Eon’s Collaboration with NVIDIA

Eon’s storage platform allows granular search and restore across clouds on customer databases. The platform ingests data from databases, virtual machines, and cloud object storage, transforming them into optimized Parquet blocks within a unified storage format designed for analytics and AI.

On top of this storage layer, Eon continuously builds a semantic index: a structured representation of every backed-up dataset’s tables, columns, inferred relationships, classifications, and metadata across clouds. This semantic index gives Eon contextual understanding of the data, not just how it is stored, but how it relates across systems and environments. Regardless of where the original data lives, users can search, query, and restore through a single, unified interface.

Eon doesn't just pass a raw schema to the LLM; it builds a semantic retrieval system that indexes our Parquet metadata and structural graph. By using our patented joinability algorithm, we can probabilistically detect join keys and relationships across petabytes of data without performing a full scan. When a query comes in, we use multi-level vector search together with agentic keyword search to retrieve only the relevant tables and columns, constructing a precise schema context window that fits efficiently into the model's prompt. An orchestration agent coordinates retrieval, context construction, validation, and SQL generation, routing each request through the appropriate tools to ensure accurate and explainable results.

That semantic layer is what makes natural-language search possible. Users ask questions like "How did my customer database change over time this month?" or "My production database was corrupted, can you retrieve the user records from the US from last week's backup?" and expect fast, accurate results.

Delivering this reliably in enterprise production environments introduces real technical constraints:

Accuracy is critical: Our system needs to be able to handle a huge amount of different database schemas and create high-quality queries to run on top of them.
Refusals matter as much as answers: When a question is ambiguous or references the wrong table, the model must refuse rather than guess. A confident but incorrect SQL response is worse than no response at all.
Scale demands efficiency: Every query costs money and adds latency. Running every request through a large, expensive closed API doesn't scale.

Our initial iteration used a frontier model provider’s latest and most advanced model, which was a capable closed-source model that served as a strong baseline, and we wanted to see how we could compare it to other models.

The Solution: NVIDIA Nemotron and Model Cascading

We collaborated with NVIDIA and received early access to Nemotron 3 Super (model link), alongside the previously released Nemotron 3 Nano.

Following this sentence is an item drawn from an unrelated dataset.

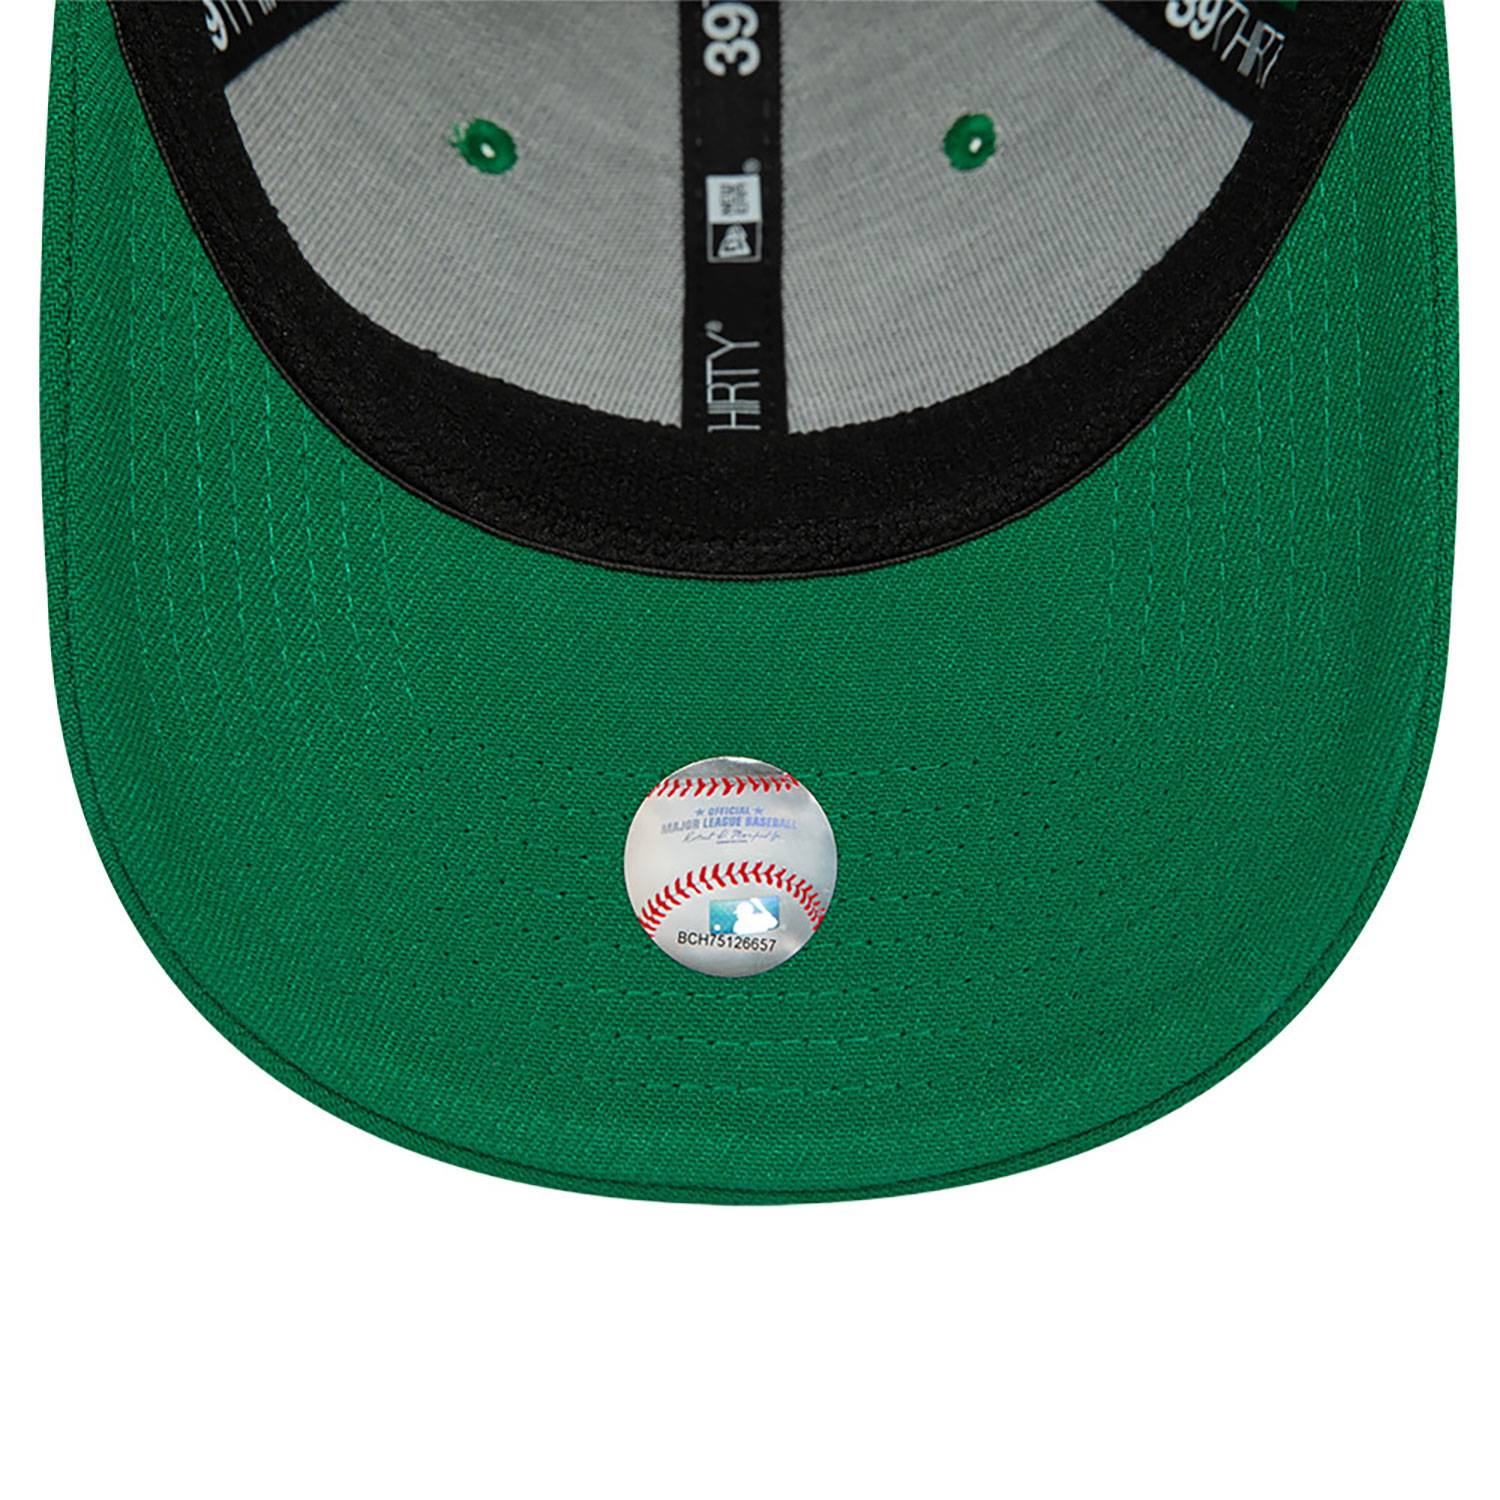 Casquette 39THIRTY Stretch Fit Oakland Athletics Team Motif

Rather than simply swapping one model for another, we used a model cascading method that routes the right model for every query. We ran these on our inner benchmark dataset that we built and crafted. Because every query runs against the same well-defined Parquet schema, we can reliably classify query complexity and route it to the appropriate model tier.

What is model cascading?

Instead of sending every request to a single large model, we use a tiered approach: simpler, high-volume queries are handled by a lightweight, ultra-fast model (Nemotron 3 Nano), while complex, reasoning-heavy requests are cascaded to a more capable model (Nemotron 3 Super). This gives us the speed and cost efficiency of a small model for the majority of traffic, with the deep reasoning of a large model when it's truly needed.

Why Nemotron makes this possible

The Nemotron 3 family—Nano, Super, and Ultra—is purpose-built for this kind of tiered deployment. Under the hood, the architecture delivers a unique technical edge by combining three layer types:

Mamba-2 Layers: Efficient state-space models (SSMs) that handle long sequences with constant memory usage, enabling massive context windows (up to 1M tokens) without the quadratic compute cost of traditional transformers.
Hybrid MoE & LatentMoE: By routing tokens to only a fraction of the total experts, the model achieves the reasoning capacity of a much larger dense model while keeping inference fast and cheap. LatentMoE (in Super/Ultra) further optimizes this by projecting inputs into a lower-dimensional space, allowing for more experts and finer-grained specialization.
Multi-Token Prediction (MTP) & NVFP4: These innovations boost throughput and reduce memory footprint, enabling powerful models to run efficiently at scale.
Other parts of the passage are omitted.